*Problem requirements*:
Find the line containing "Maria Eduarda Lopes Pereira's show", then print it and each line after it through the end of the listing exactly, with no pictures.

*Information provided*:
==============================
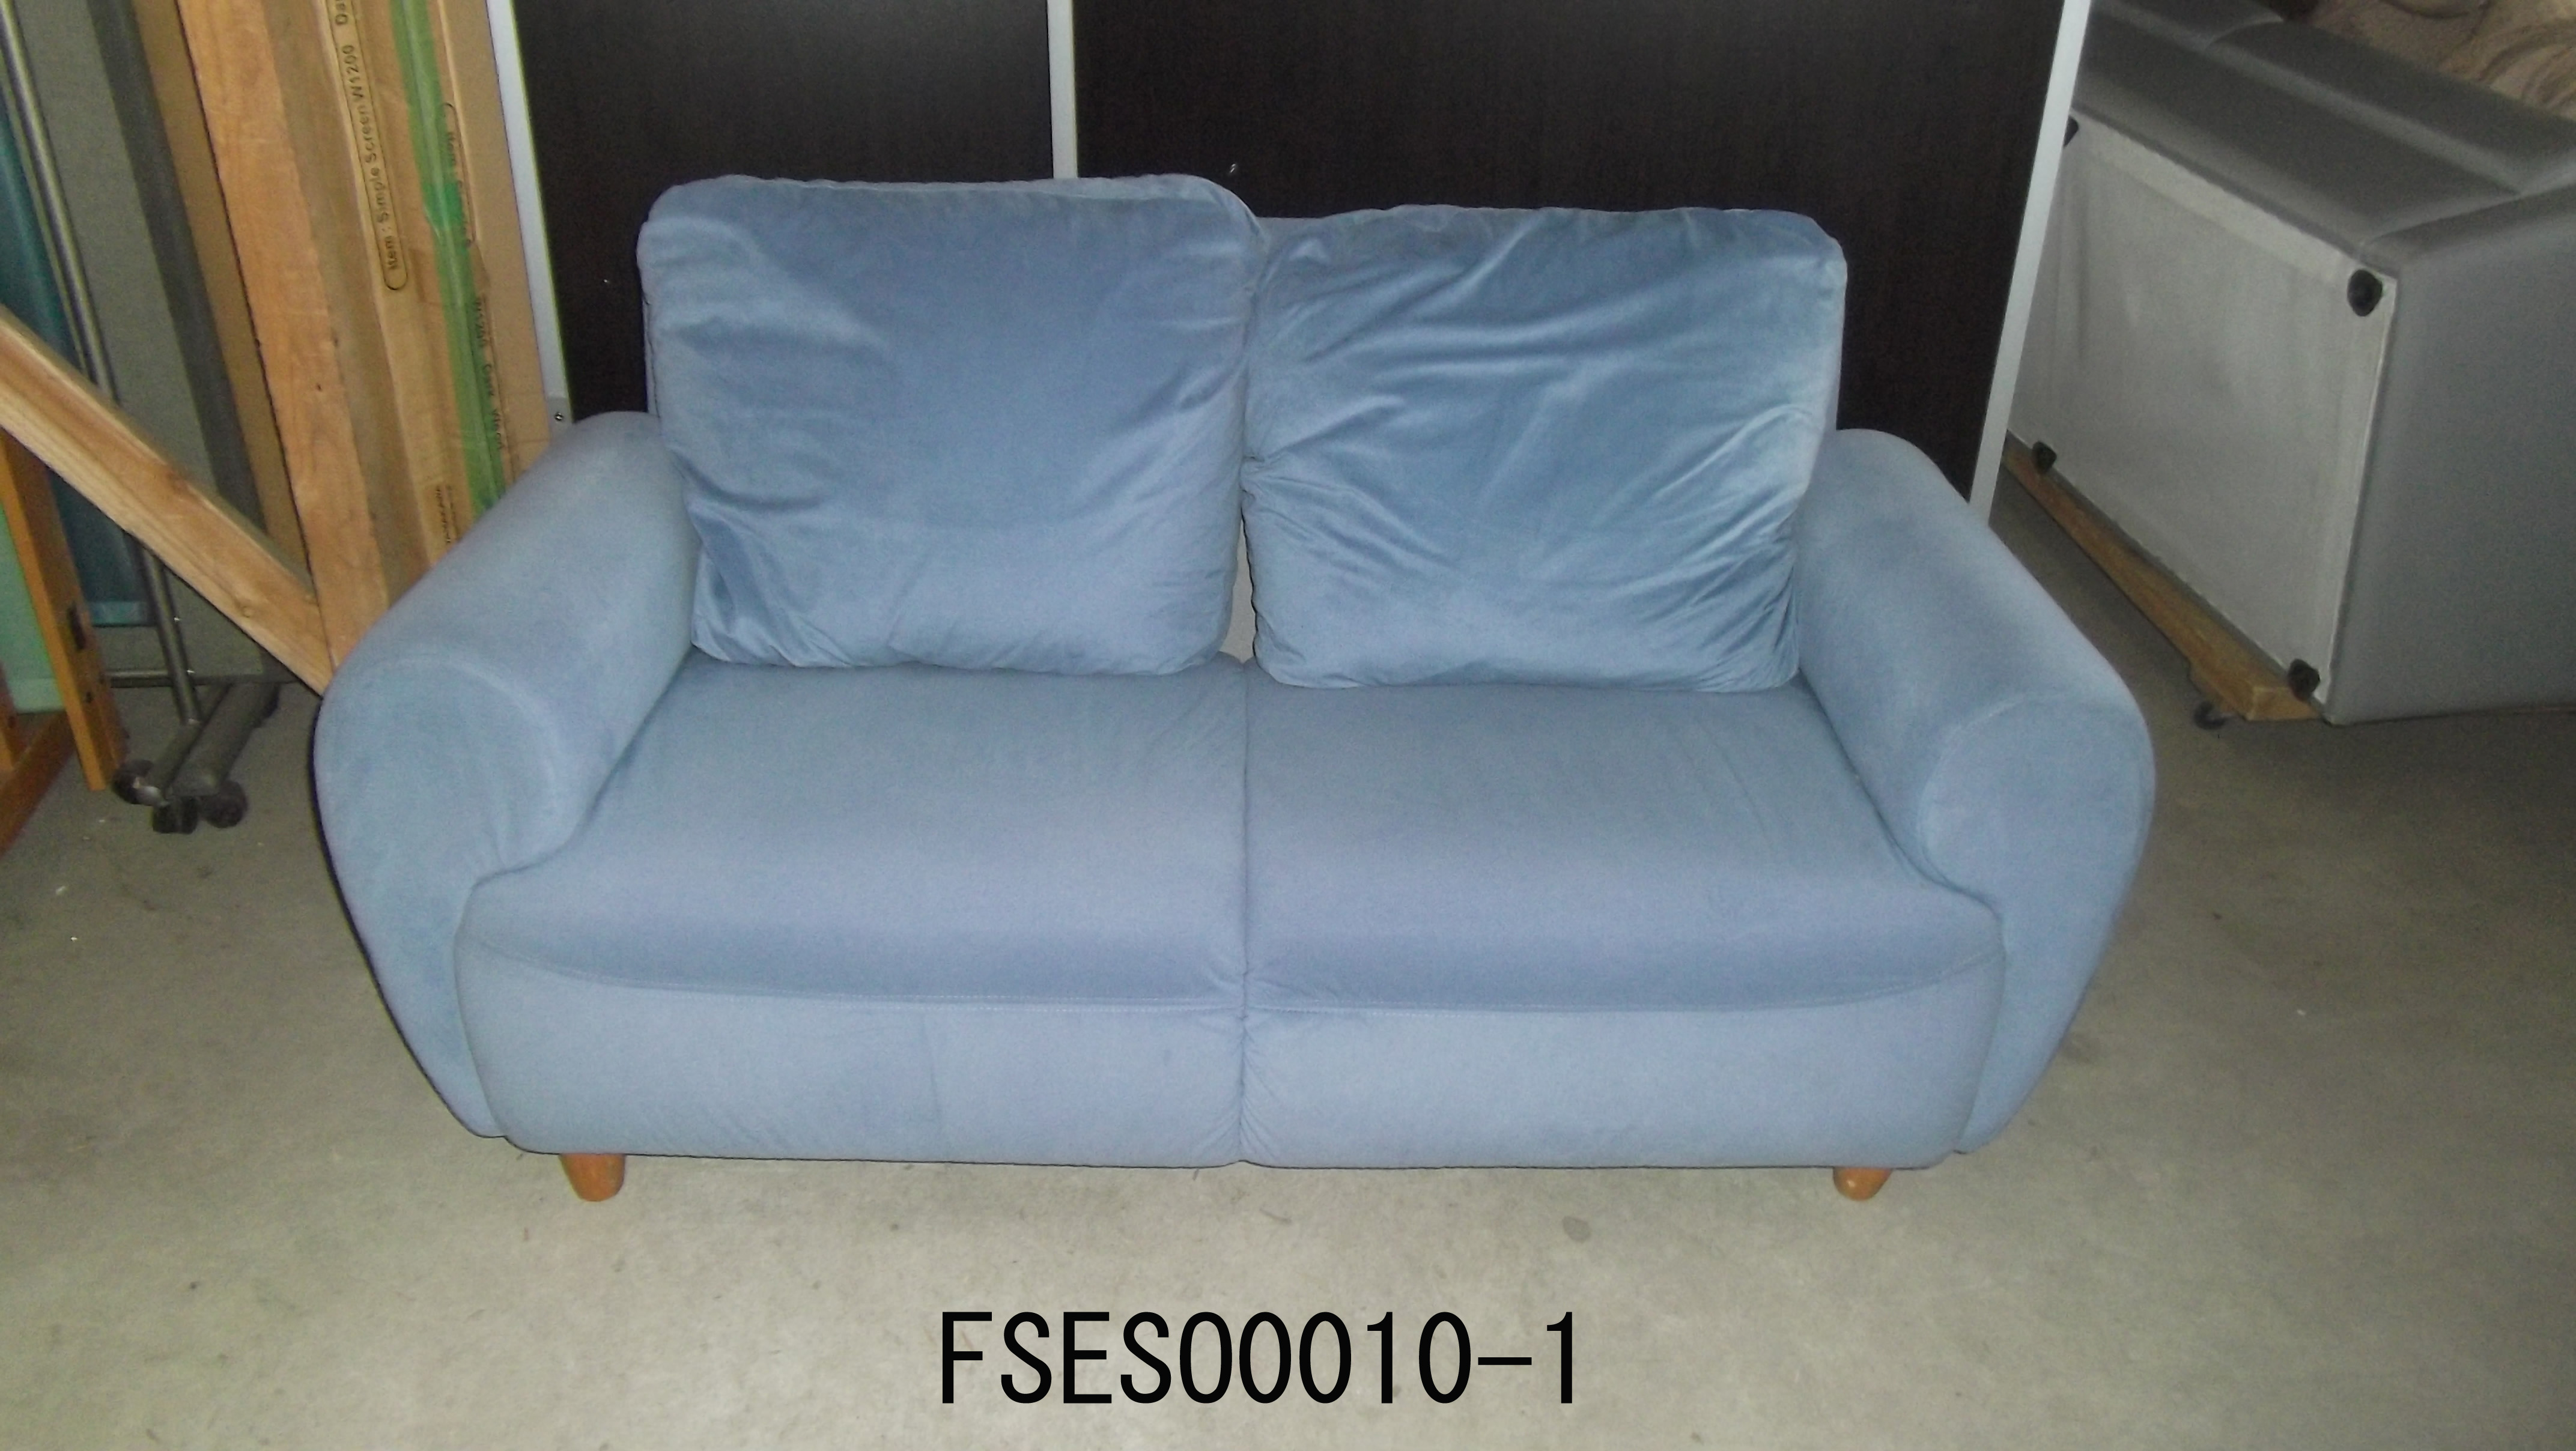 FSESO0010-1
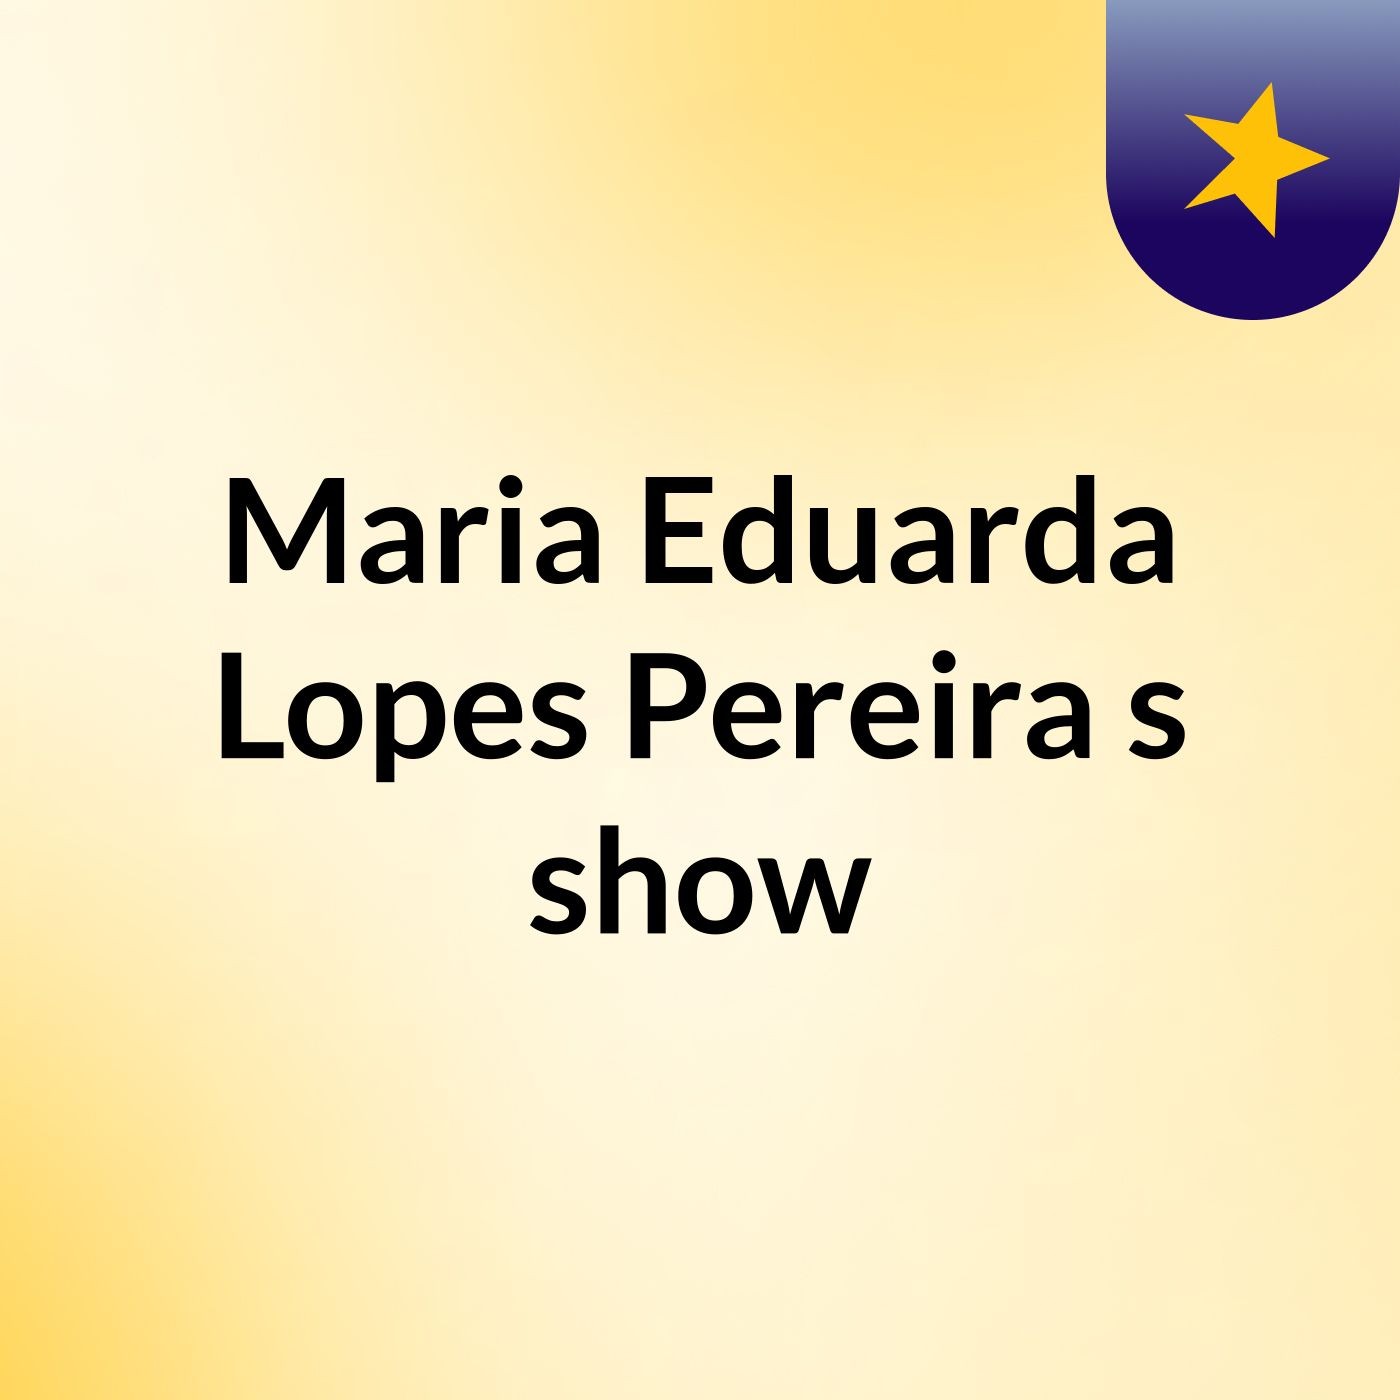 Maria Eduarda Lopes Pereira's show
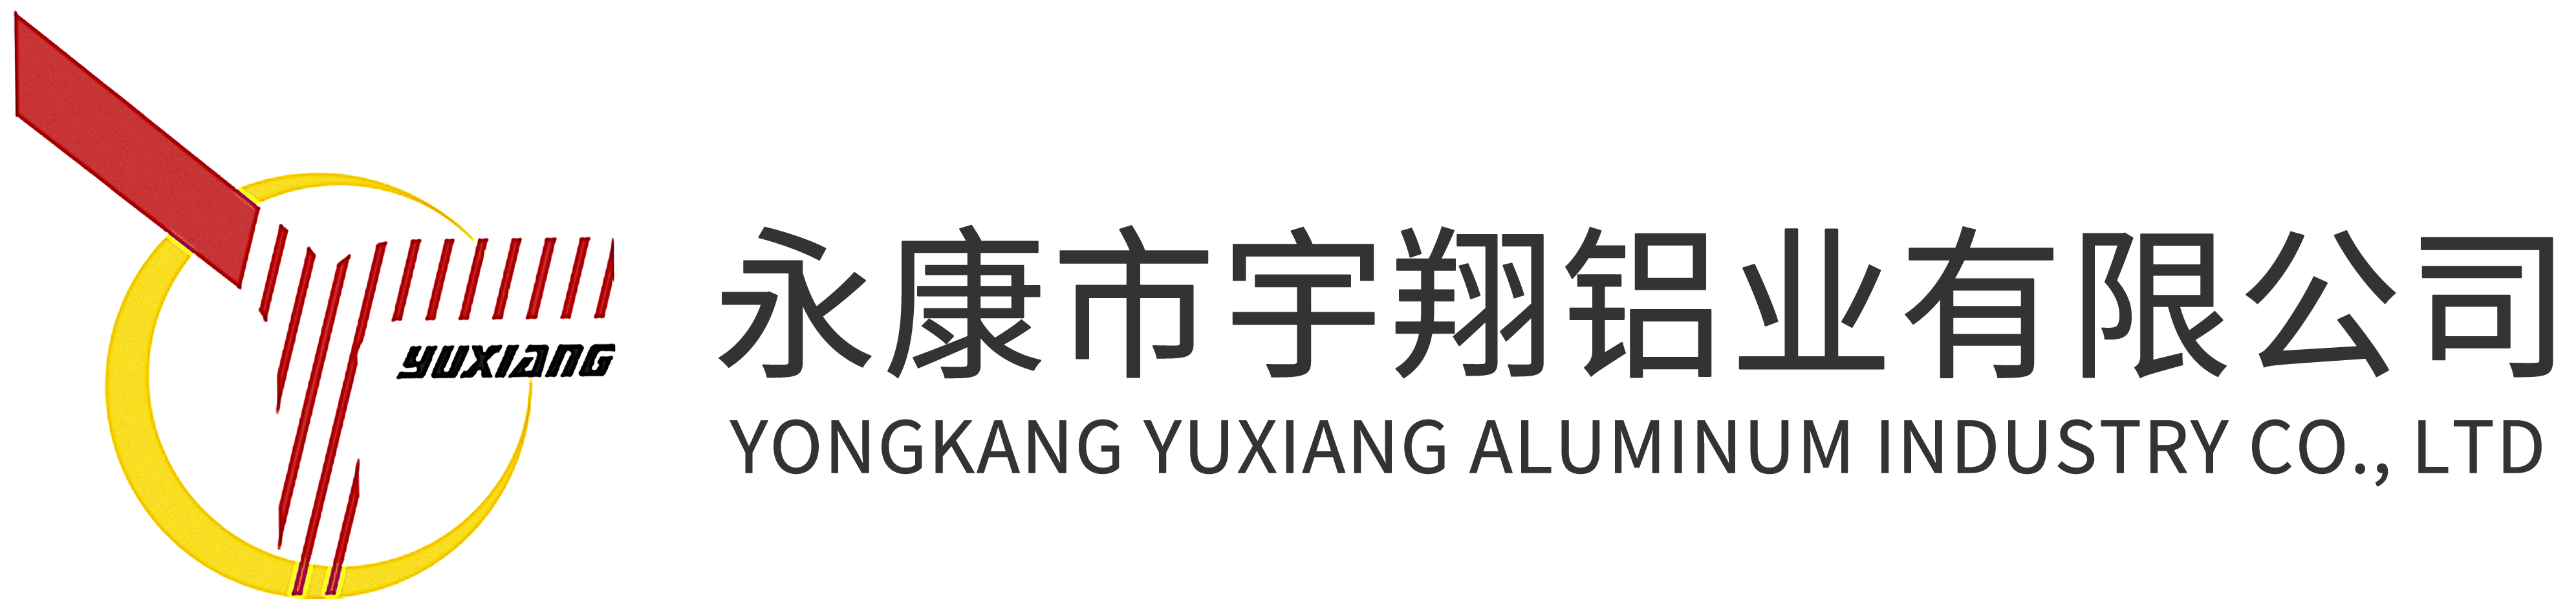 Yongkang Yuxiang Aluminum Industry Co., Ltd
==============================
*Worked solution*:
 Maria Eduarda Lopes Pereira's show
 Yongkang Yuxiang Aluminum Industry Co., Ltd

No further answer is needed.